Excessive Input Token Usage in Pinecone Assistant Queries and Cost Concerns

info12 · February 7, 2025, 8:33am

I am exploring Pinecone Assistant for a specific use case and uploaded 5 files, each approximately 5 KB in size, containing around 3,000 characters per file.

When I query using the Assistant console, I noticed that the input token count increases by nearly 20,000 per query. This count grows further as the chat history thread expands. At this rate, 50 queries would result in 1 million input tokens. Given that the cost is $8 per million tokens, this would make just 50 queries cost $8, making the product financially unfeasible for our use case.

Is there a way to optimize token usage so that only the necessary chunks related to each query are considered? This would help significantly reduce the token consumption.

jesse · February 7, 2025, 9:13pm

Hi @info12,

Welcome to the Pinecone community!

It’s not currently possible to control number of input tokens, but it’s on our roadmap. We expect to get to it very soon. In the meantime, you could use use the API and send a smaller portion of the chat history in your requests.

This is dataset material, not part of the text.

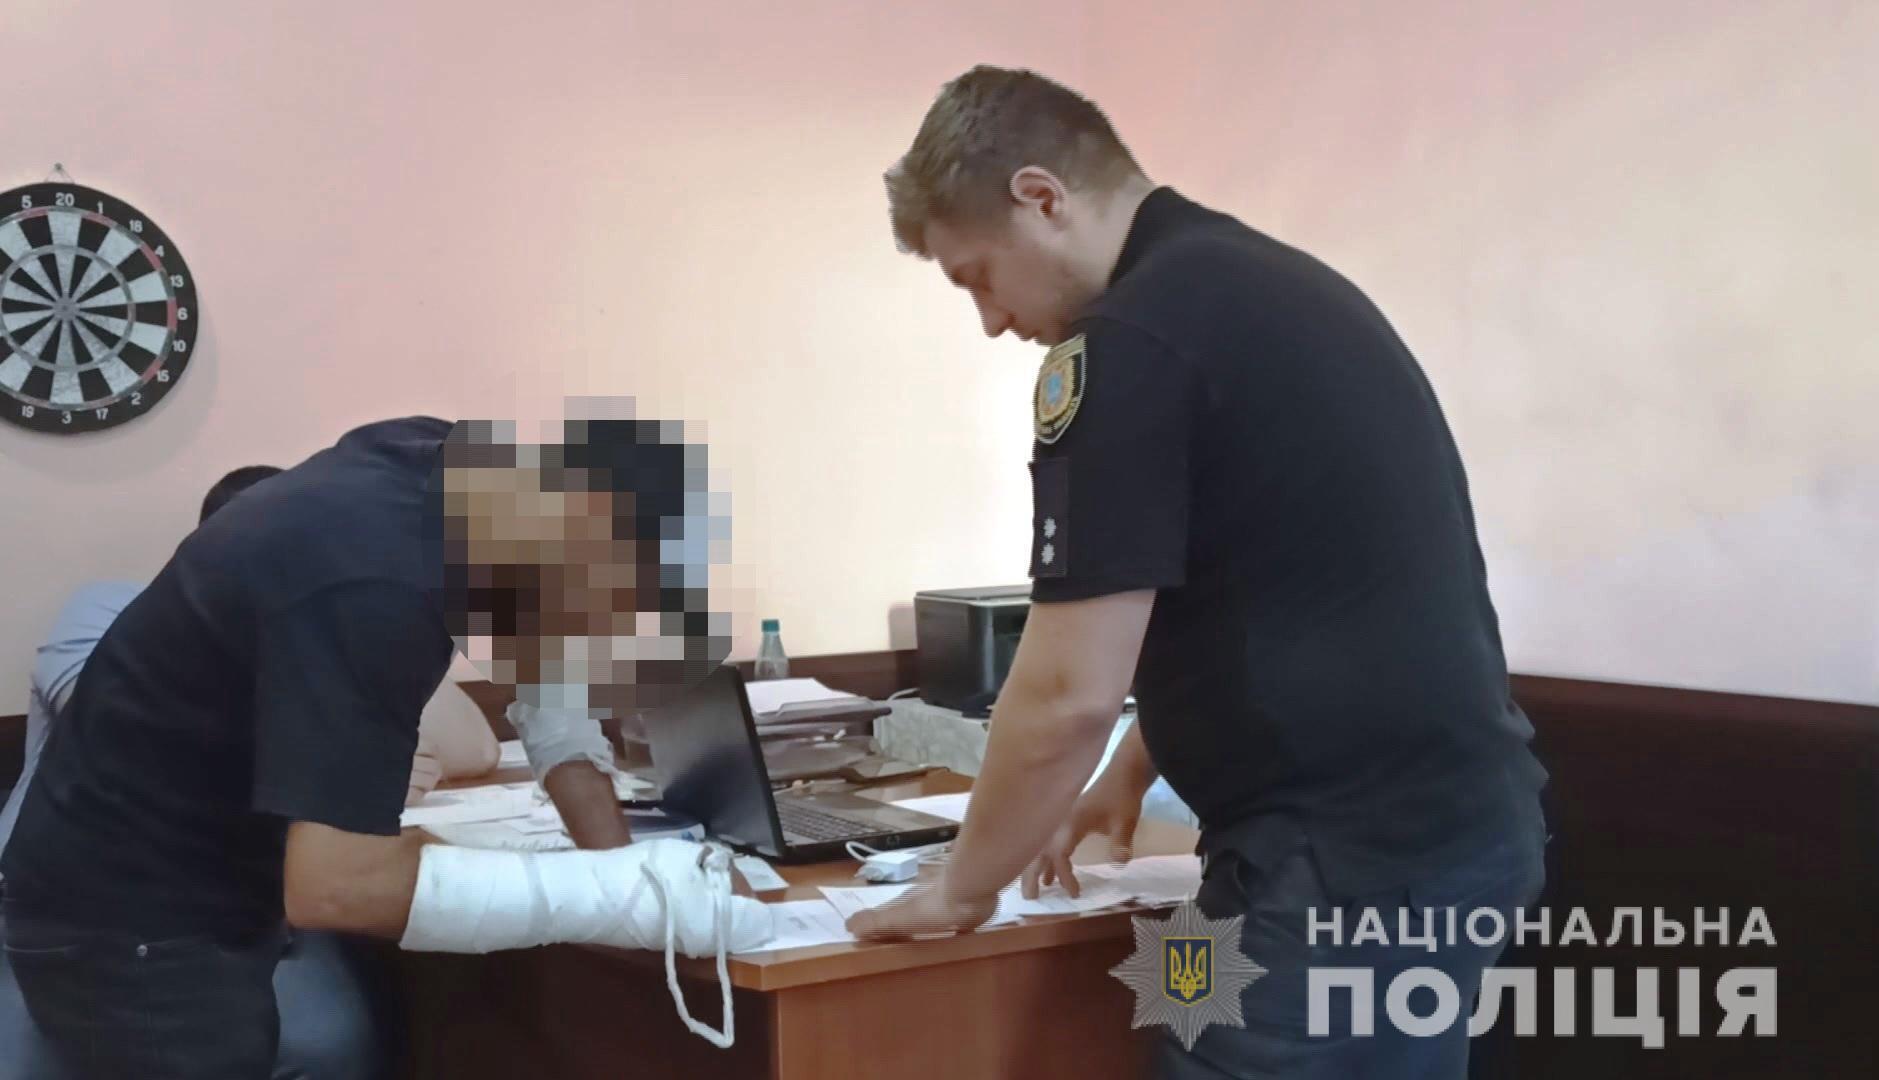 В Одесі поліцейські затримали вихідця із Закавказзя за підозрою у спричиненні ножового поранення місцевому жителю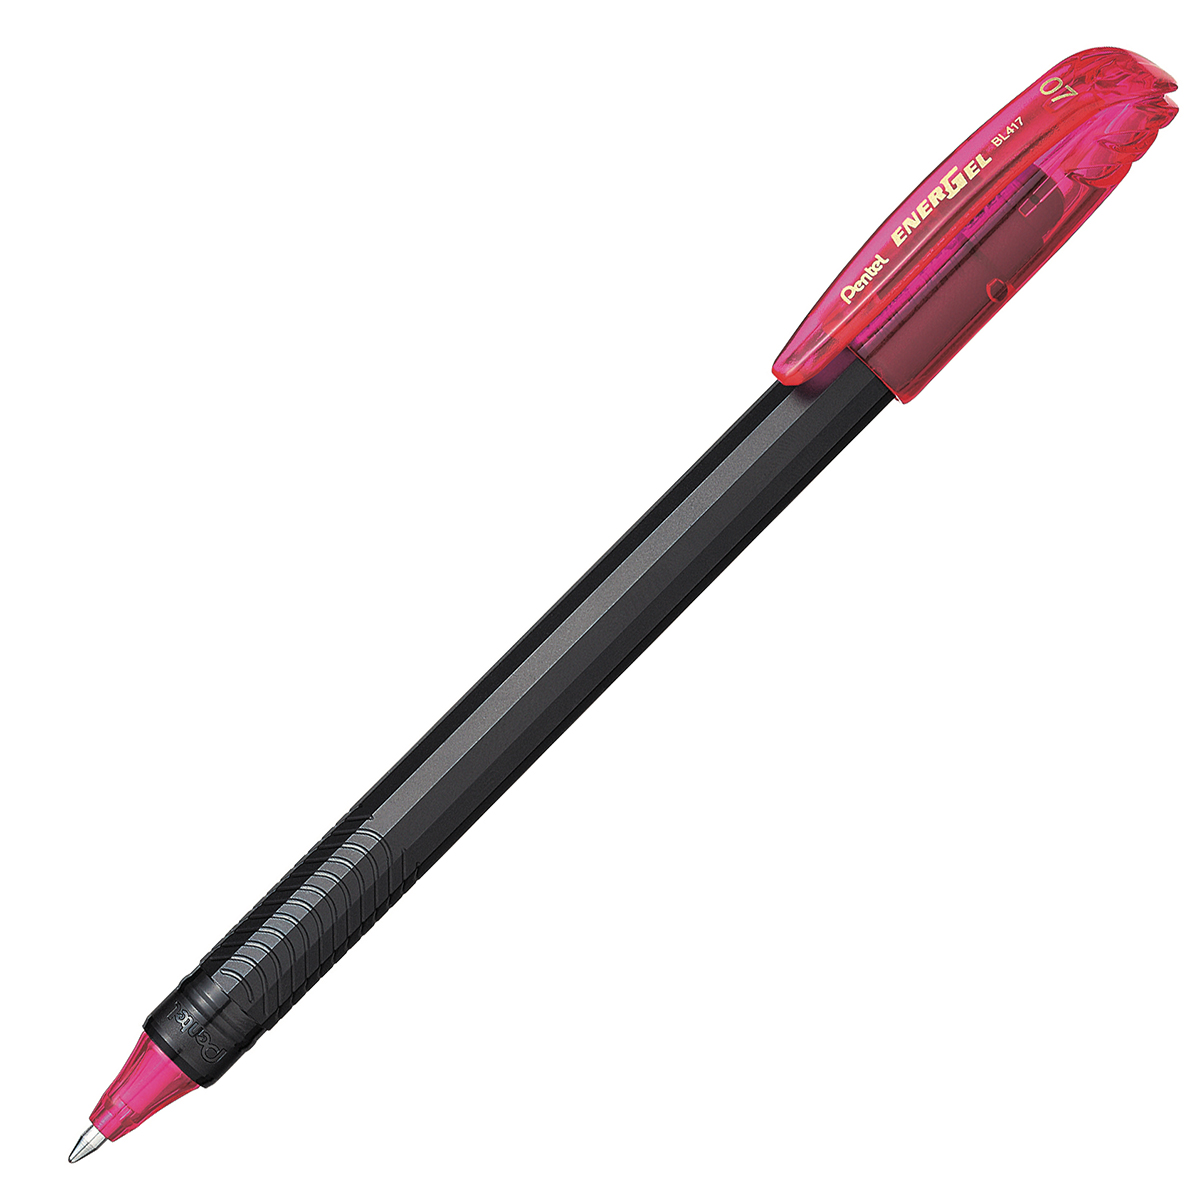 Bolígrafo Pentel energel stick, punto 0. Bolígrafo Pentel energel tinta gel color rosa, 0.7 mm secado rápido, peso ligero con 12 lados, hecho de 62% material reciclado. la tapa indica el color de la tinta                                                                                             7 mm (mediano), tinta rosa, 1 pieza      - PENTEL

Hope that helps. Please let me know.

Best,
Jesse

jasonhalpern8 · April 11, 2025, 1:52pm

After experimenting with Pinecone Assistant, it is great, but the cost makes it unusable in a production sense. Even simple queries of mine take about 15-20k input tokens. At $8 per 1 million tokens, I’m looking at 16 cents per query. The same setup with OpenAI’s vector store costs me about 2-3 cents.